While Agent Mode is incredibly powerful, many developers struggle to use it effectively. The key is to establish a structured workflow that plays to the AI's strengths while mitigating its limitations.

The Agent Mode TDD Workflow

After extensive experimentation, I've found that test-driven development (TDD) is the most effective way to leverage Agent Mode. Here's my step-by-step workflow:

1. Start with Documentation

Before writing a single line of code or test, begin by having Agent Mode create comprehensive documentation, usually in the form of a README.md (potentially folder-scoped), a manifesto, or a ticket:

Write documentation for a module that will [describe your feature].
Make sure it follows the style and conventions of the rest of the codebase,
referencing specific code snippets and other documentation as needed.
Use the semantic search tool to find documentation and code snippets that you need to integrate the feature.
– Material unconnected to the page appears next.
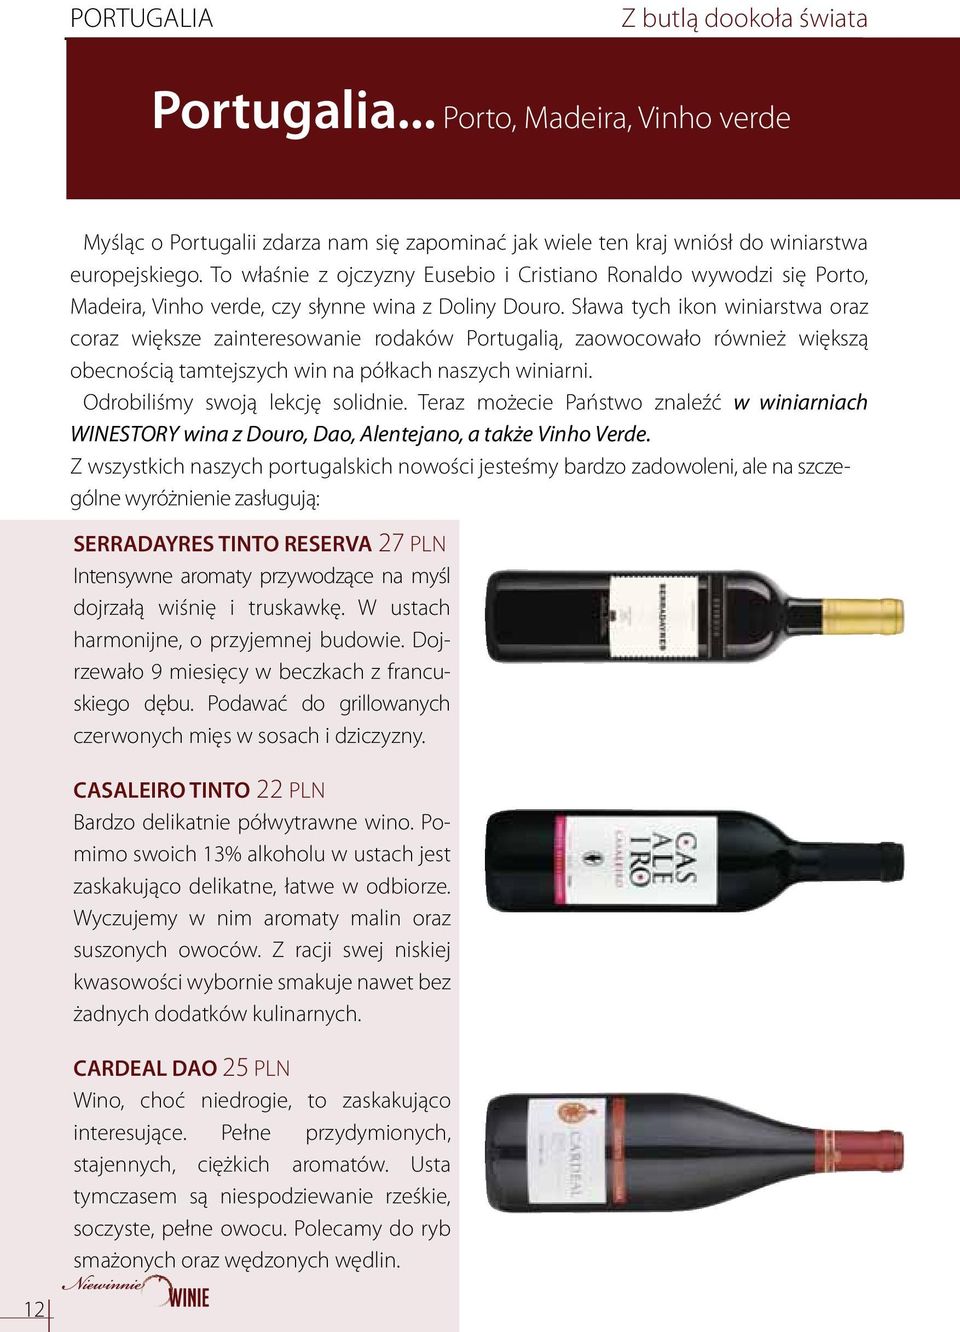 Sława tych ikon winiarstwa oraz coraz większe zainteresowanie rodaków Portugalią, zaowocowało również większą obecnością tamtejszych win na półkach naszych winiarni. Odrobiliśmy swoją lekcję solidnie.

The reason for starting with documentation is two-fold:

It forces you to clearly define what you're building
It gives the AI a clear specification to work from

Iterate on this documentation until you're satisfied with the conceptual design. This is your chance to work out the UX, API design, interfaces, and overall architecture.

Pro Tip: The semantic search tool is critical here. It helps the AI understand the documentation style of your codebase. Without it, you'll often get generic documentation that doesn't match your project's conventions.

2. Create Test Files

Once you have solid documentation, the next step is to create comprehensive tests:

Create test files for the functionality described in the documentation.
Use a mix of unit tests, integration tests, and property-based tests where appropriate.
All tests should fail initially since we haven't implemented the code yet.
Use the semantic search tool to find testing patterns and documentation in the codebase
and present a test strategy and ask for confirmation before writing any tests.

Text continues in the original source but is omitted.